DATA >>
--- START ---

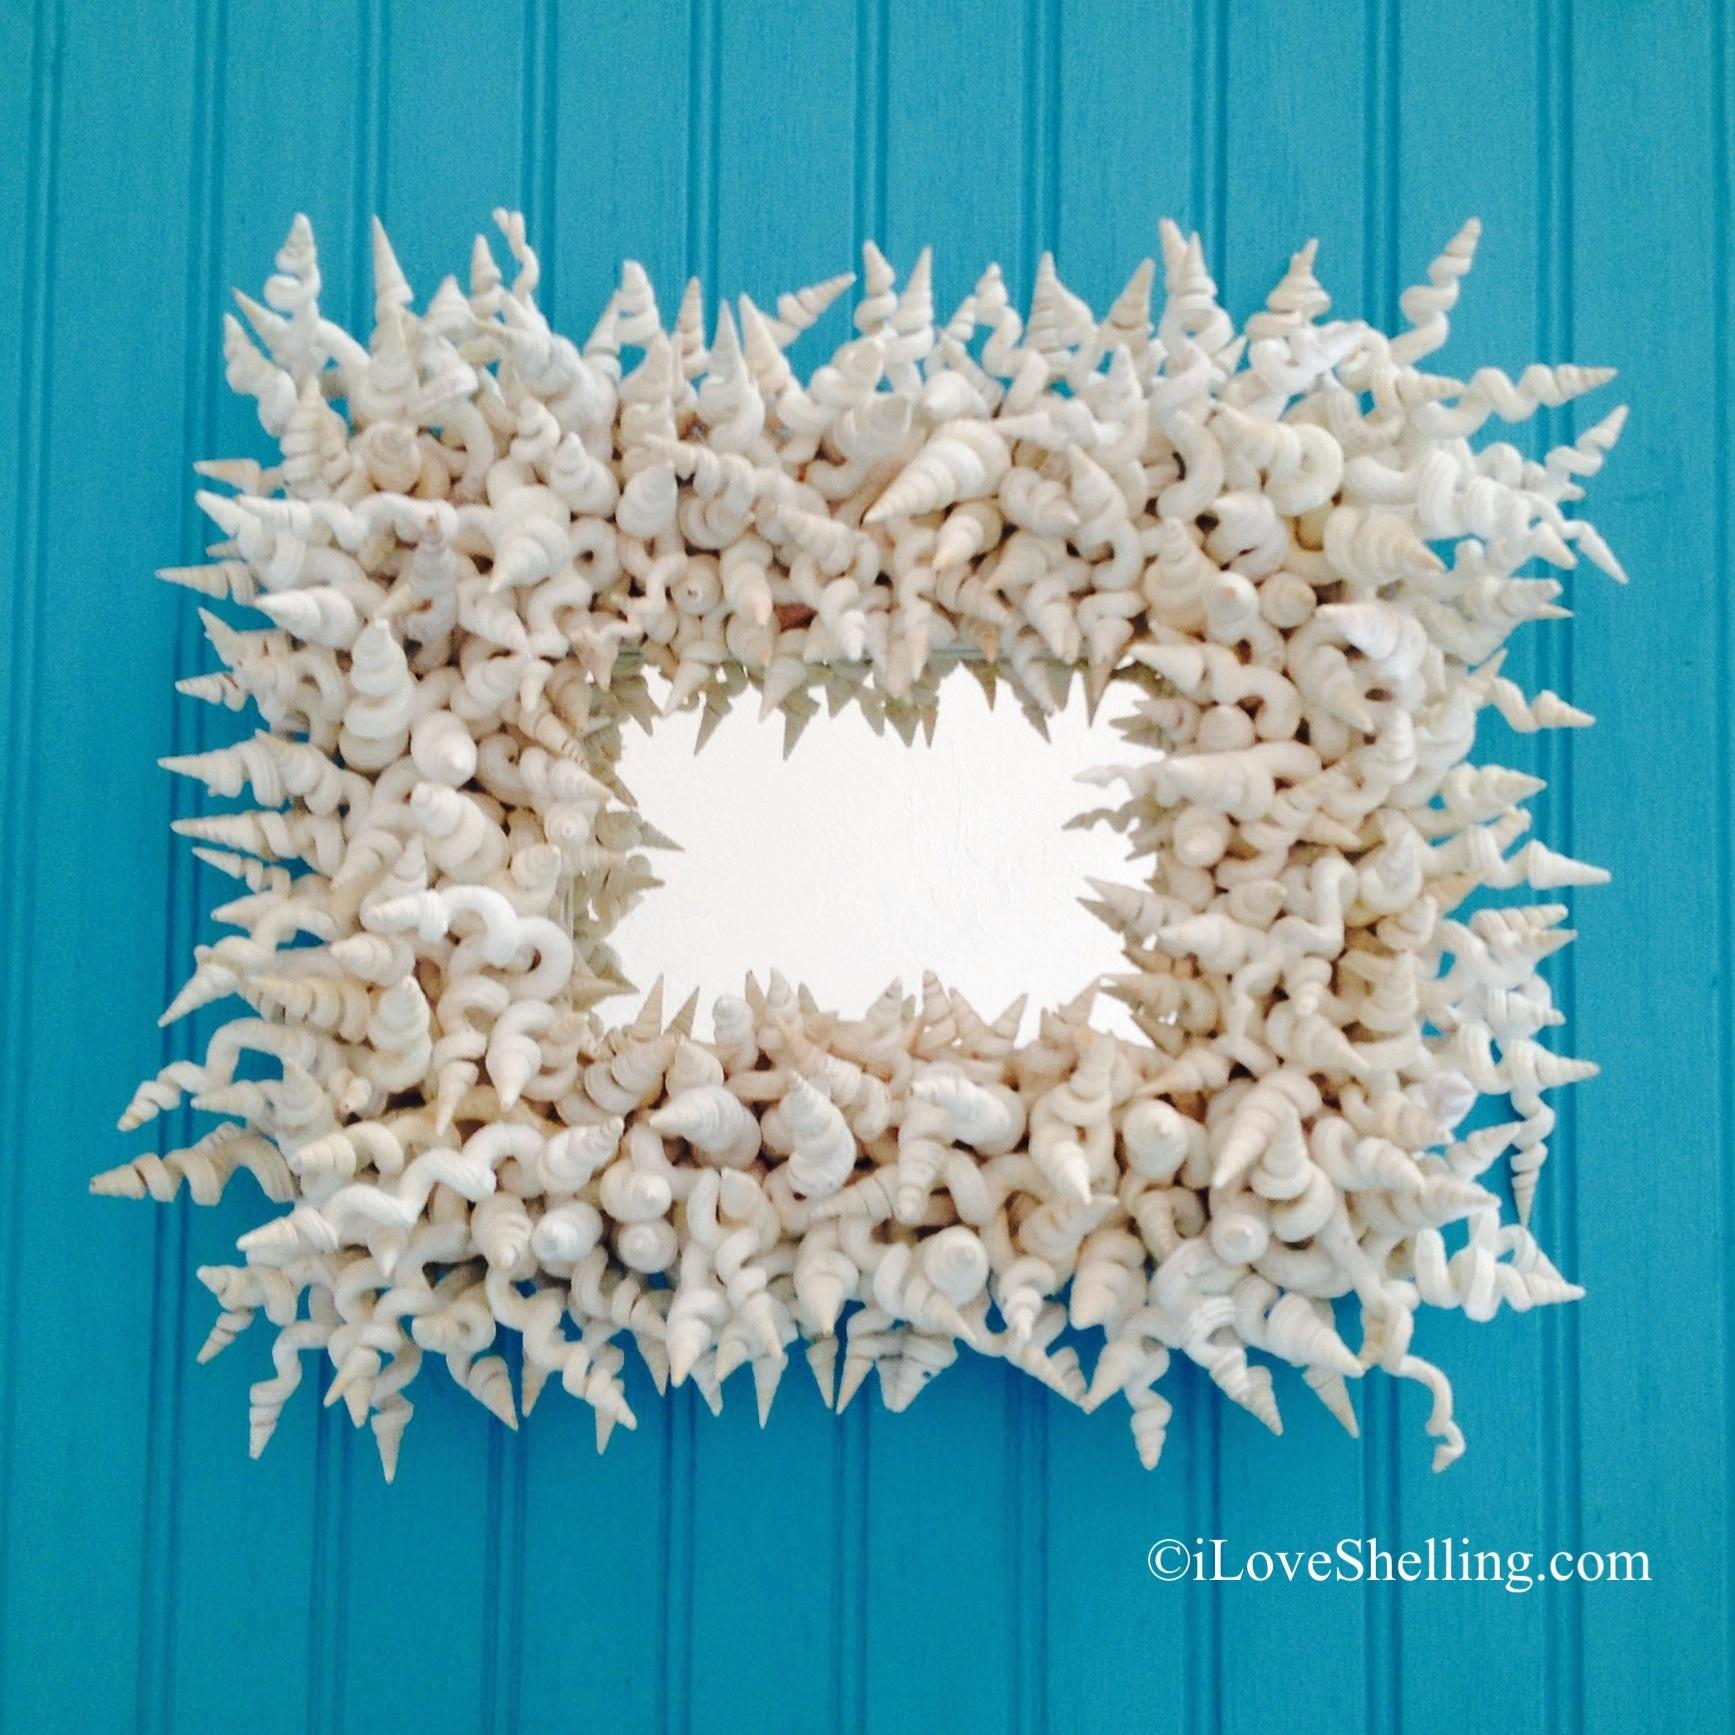 Whimsical World Of Worm Shells
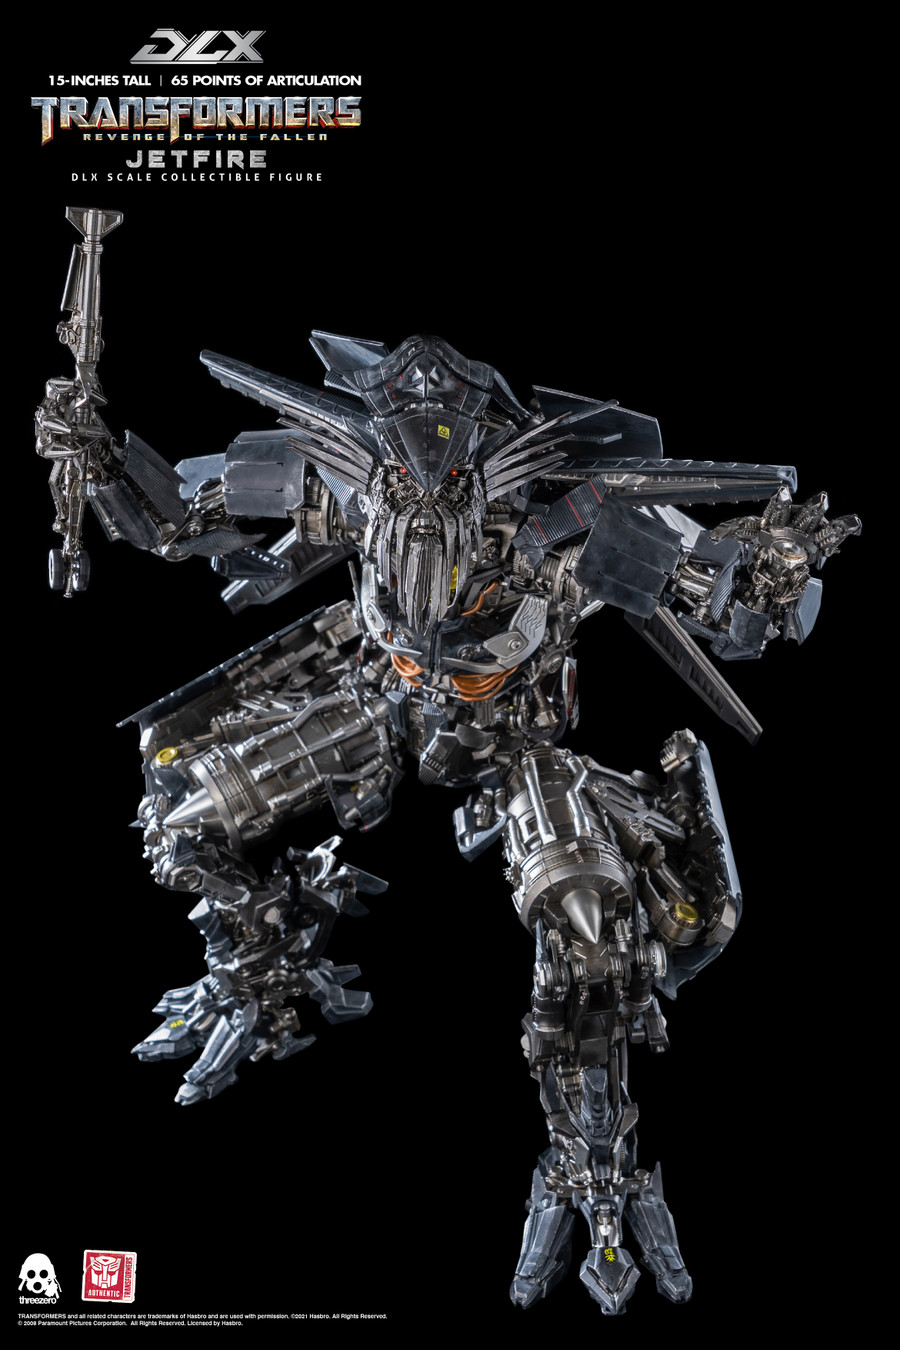 Threezero - Transformers Revenge of the Fallen – DLX Jetfire
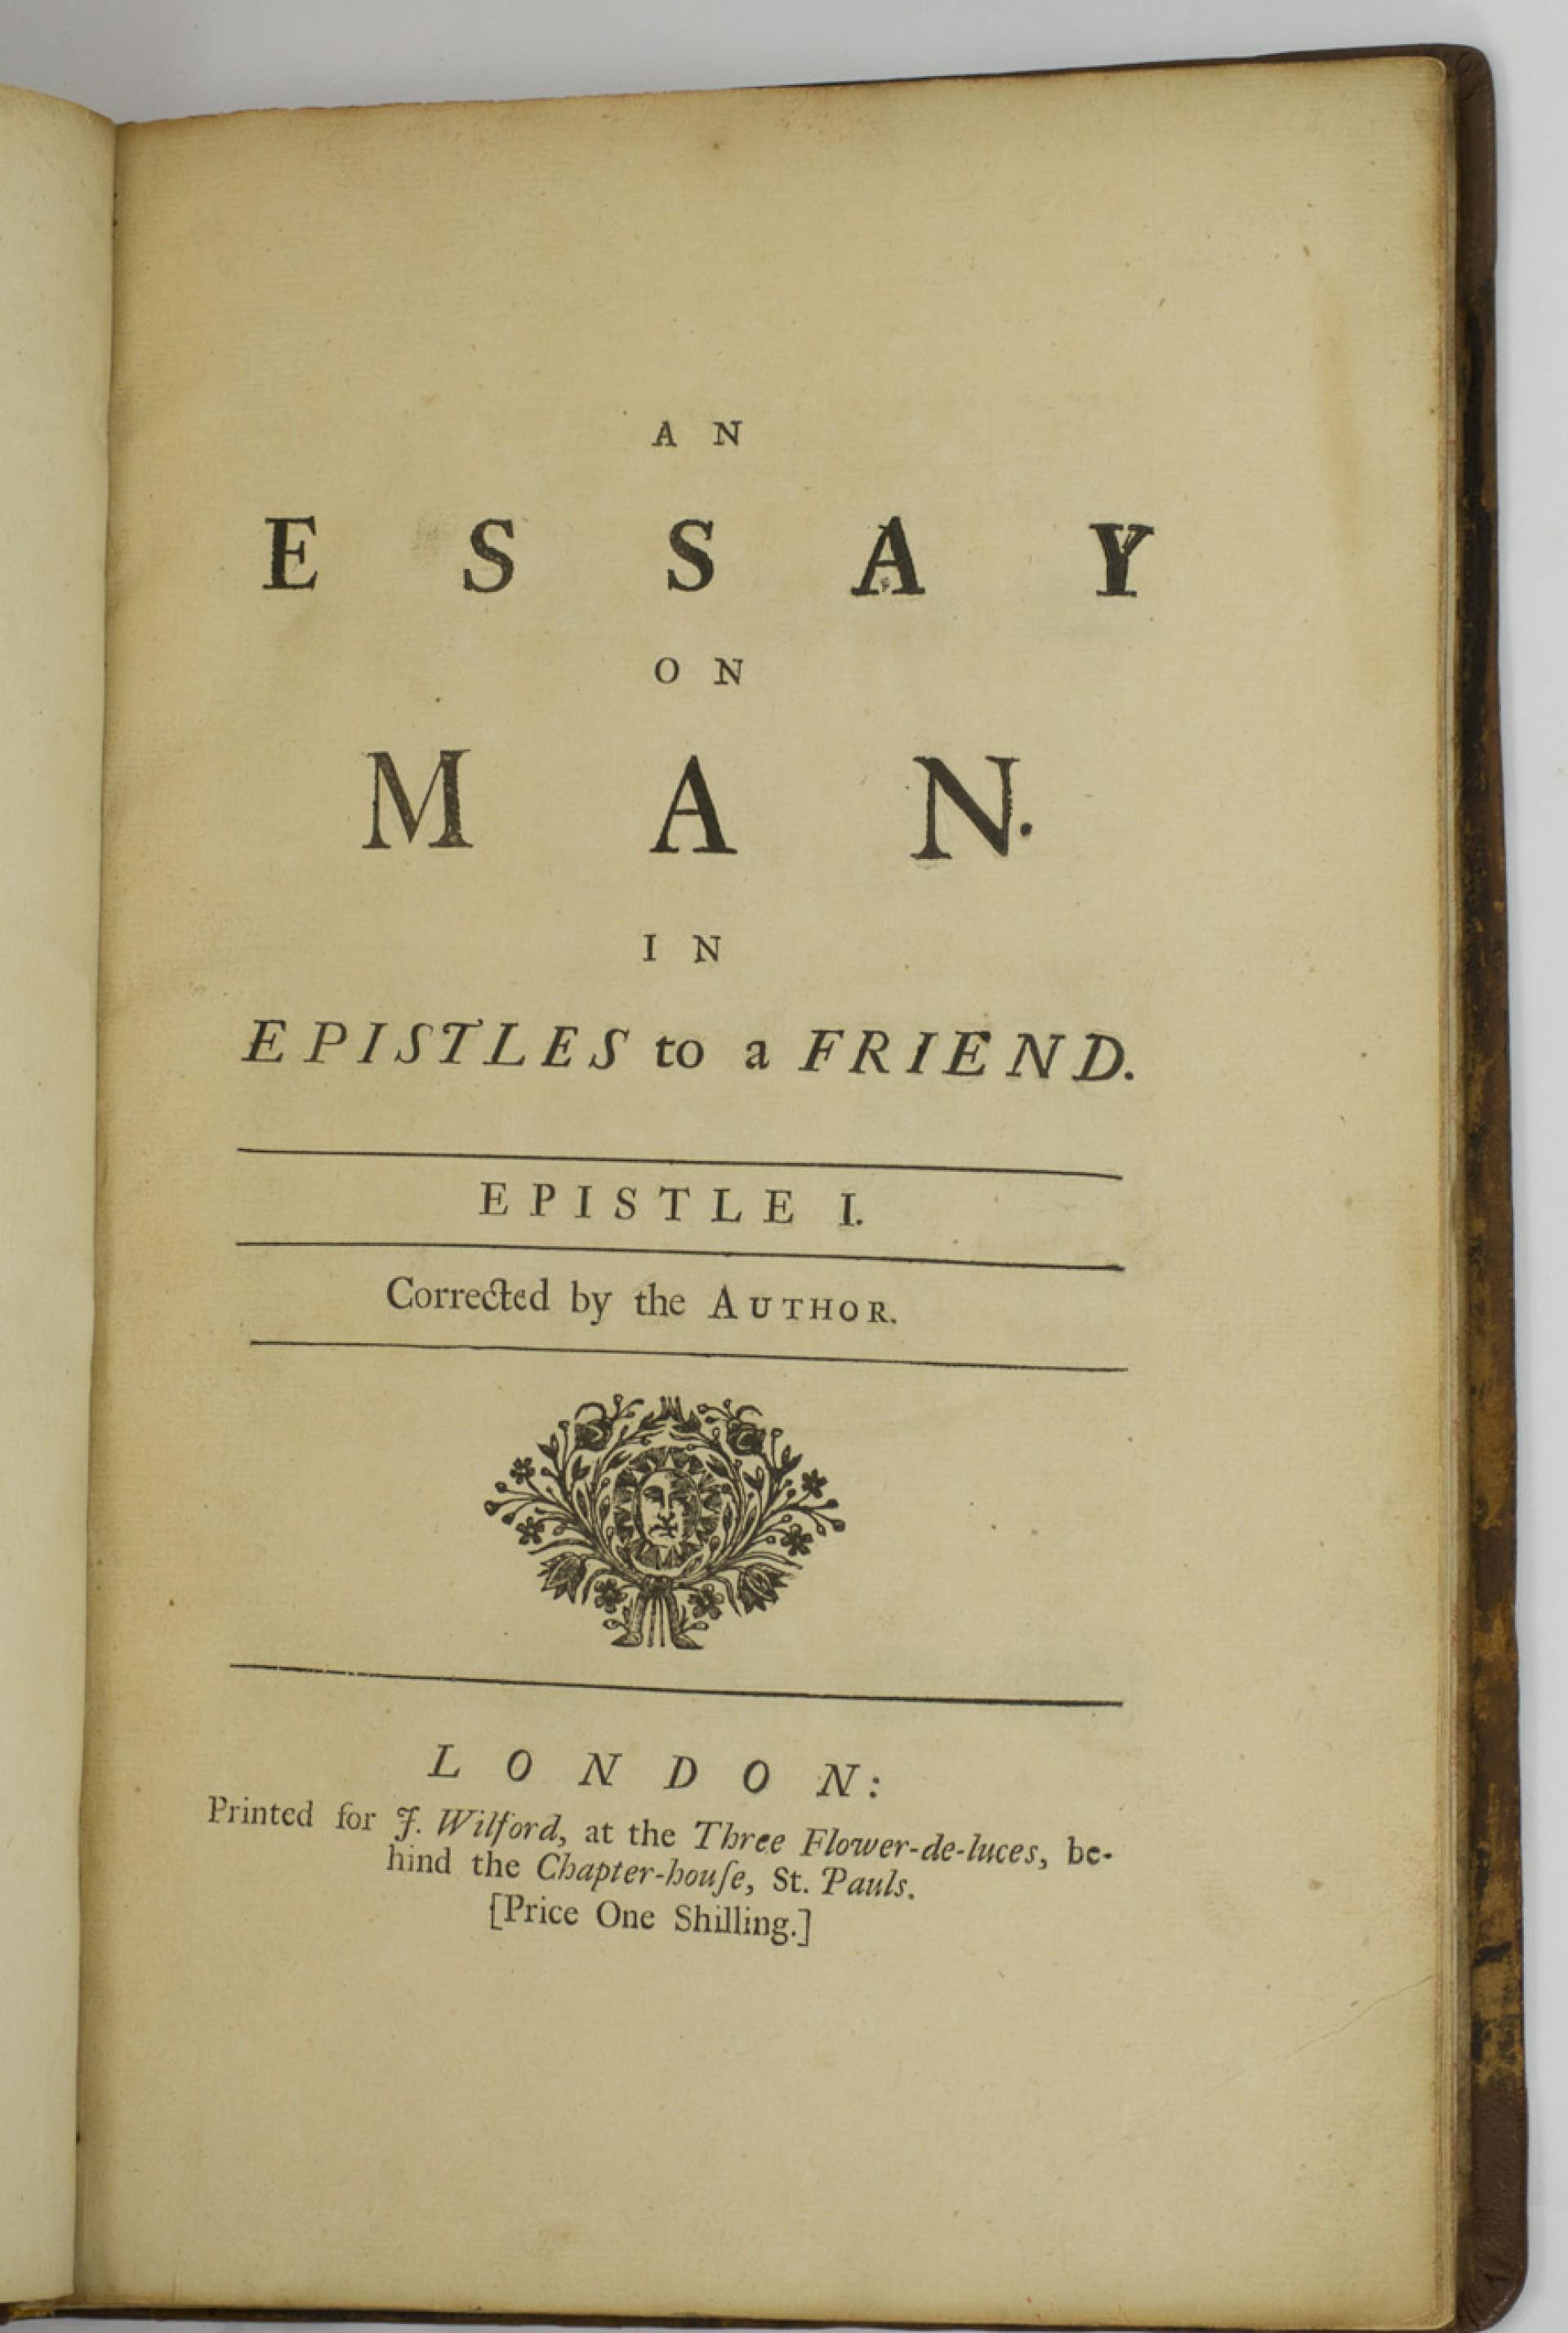 002 Alexander Pope Essay On Man Example 65395 3 Dreaded Summary Epistle 2 Pdf 1920

--- END ---

YOUR TASK >>
Copy all of the data word for word, and keep the pictures out of it.

PROBLEM SOLUTION >>
 Whimsical World Of Worm Shells
 Threezero - Transformers Revenge of the Fallen – DLX Jetfire
 002 Alexander Pope Essay On Man Example 65395 3 Dreaded Summary Epistle 2 Pdf 1920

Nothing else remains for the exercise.